Guido Barilla hungered for global growth when he took control of his family's Parma-based pasta producer in 1993. The Barilla Group was already No. 1 at home, so the new CEO set his sights on foreign markets. He then served up a series of foreign acquisitions, topped last year by his biggest to date: the $2.1 billion hostile takeover of Kamps, Germany's No. 1 industrial baker. Kamps nearly doubles Barilla's revenues, to $5.1 billion.
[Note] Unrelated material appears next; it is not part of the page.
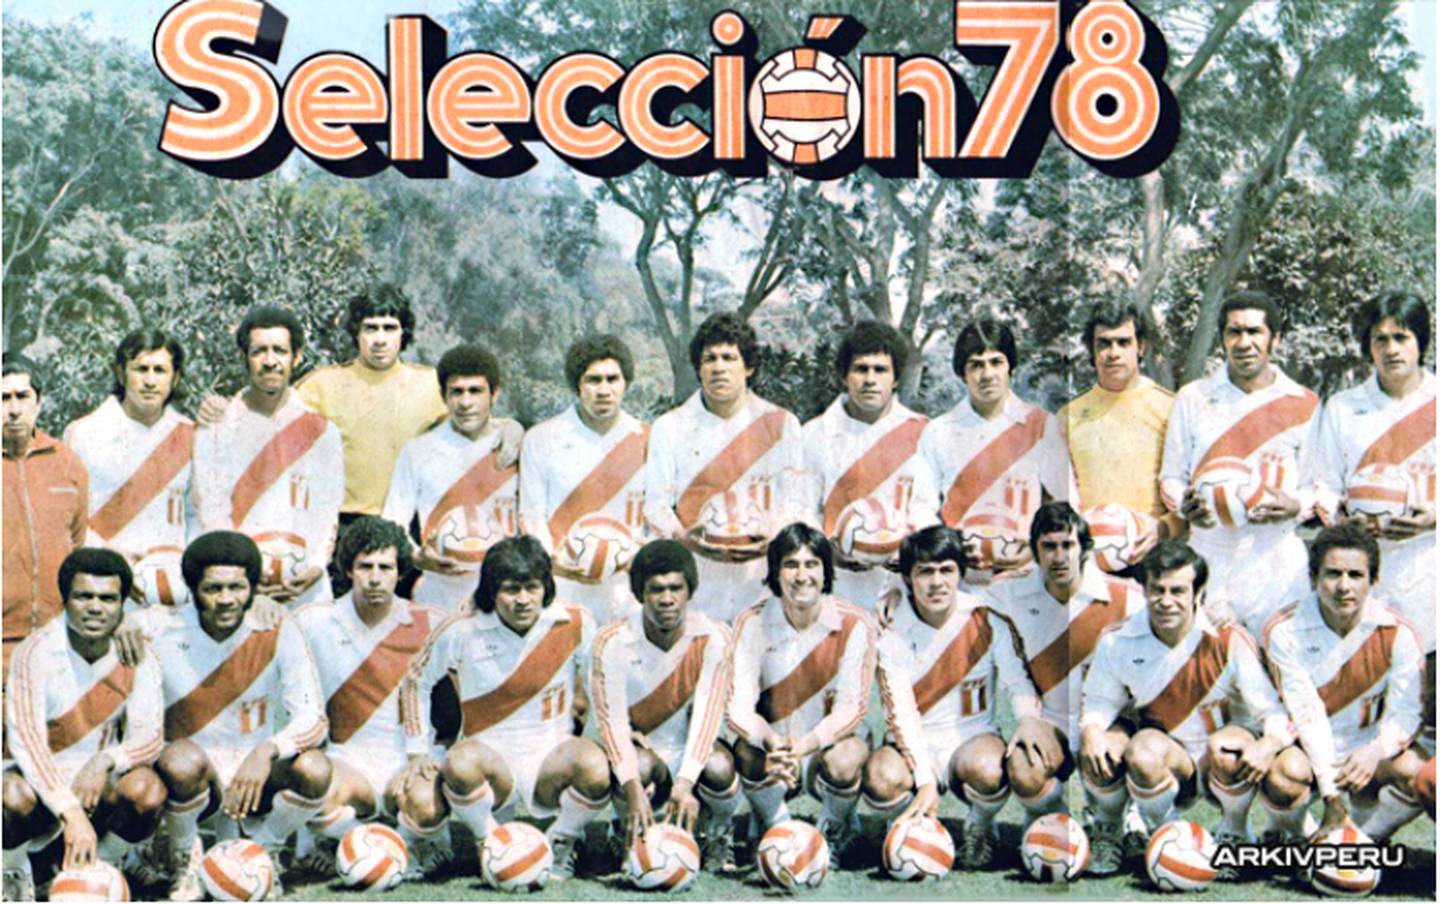 Así lució la selección peruana de fútbol en 1978. Fuente: Arkiv Perúdfd

Barilla, the great-grandson of founder Pietro Barilla, has proven an able steward of the family legacy. Eating up market share from rivals such as Nestl?'s Buitoni and Hershey Food Corp.'s Ronzoni, Barilla transformed the Italian market leader into the world's top pasta maker. Sales last year, before the Kamps acquisition, were an estimated $2.9 billion, a 12% increase over 2001.

Barilla's appetite for global growth was triggered in part by two years spent abroad, studying philosophy at Boston College. "I always saw the U.S. as a natural expansion," says Barilla, who launched exports to the U.S. in 1995. In 1999, looking to expand his product line, Barilla snapped up Wasa, a market leader in crisp breads, paying $560 million. With Kamps, which boasts well-known brands such as Harry's biscuits in France, Barilla now is also No. 1 worldwide in fresh breads and crackers. And despite the food industry's notoriously thin margins, the company estimates pretax profits last year rose 39%, to $215 million.
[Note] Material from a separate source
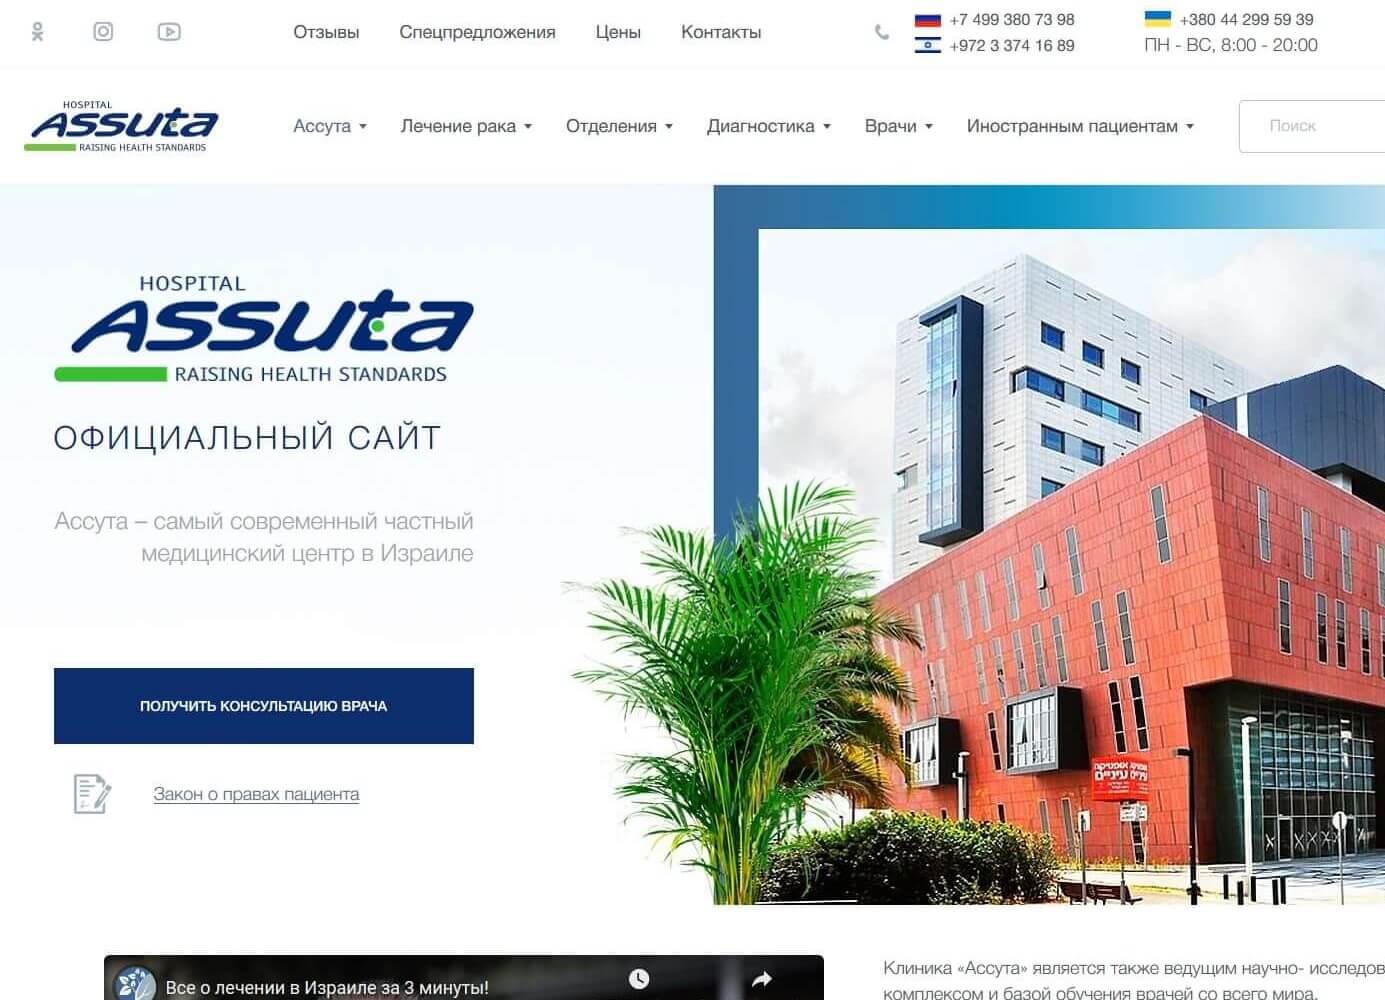 Корпоративный сайт - Assuta Express Medical

Although it's thriving now, the company has been through some hard times. When Barilla became CEO, profits were plunging. Seeking some grey-haired expertise, the then-35-year-old and his brothers in 1995 hired former Procter & Gamble Co. CEO Edwin Artzt as executive director. In his three years at Barilla, Artzt helped the Barillas slash costs, upgrade marketing, and establish a U.S. beachhead, plowing $135 million into a state-of-the art pasta factory in Ames, Iowa, in 1997. Barilla is now the leader in the U.S., the world's biggest pasta market. This year, Barilla has earmarked $585 million for international expansion.

Has Barilla piled too much on his plate? Kamps came saddled with $900 million in debt. Interest payments and acquisition costs eroded its margins, resulting in a 2002 loss of $148 million. Barilla aims to slash debt, cut costs by centralizing the purchase of raw materials such as wheat, and boost quality. "We have a big task ahead with Kamps. We have to improve the performance of the company dramatically," says Barilla. If he can just leaven Kamps's profits, Barilla will have cooked up something truly delicious.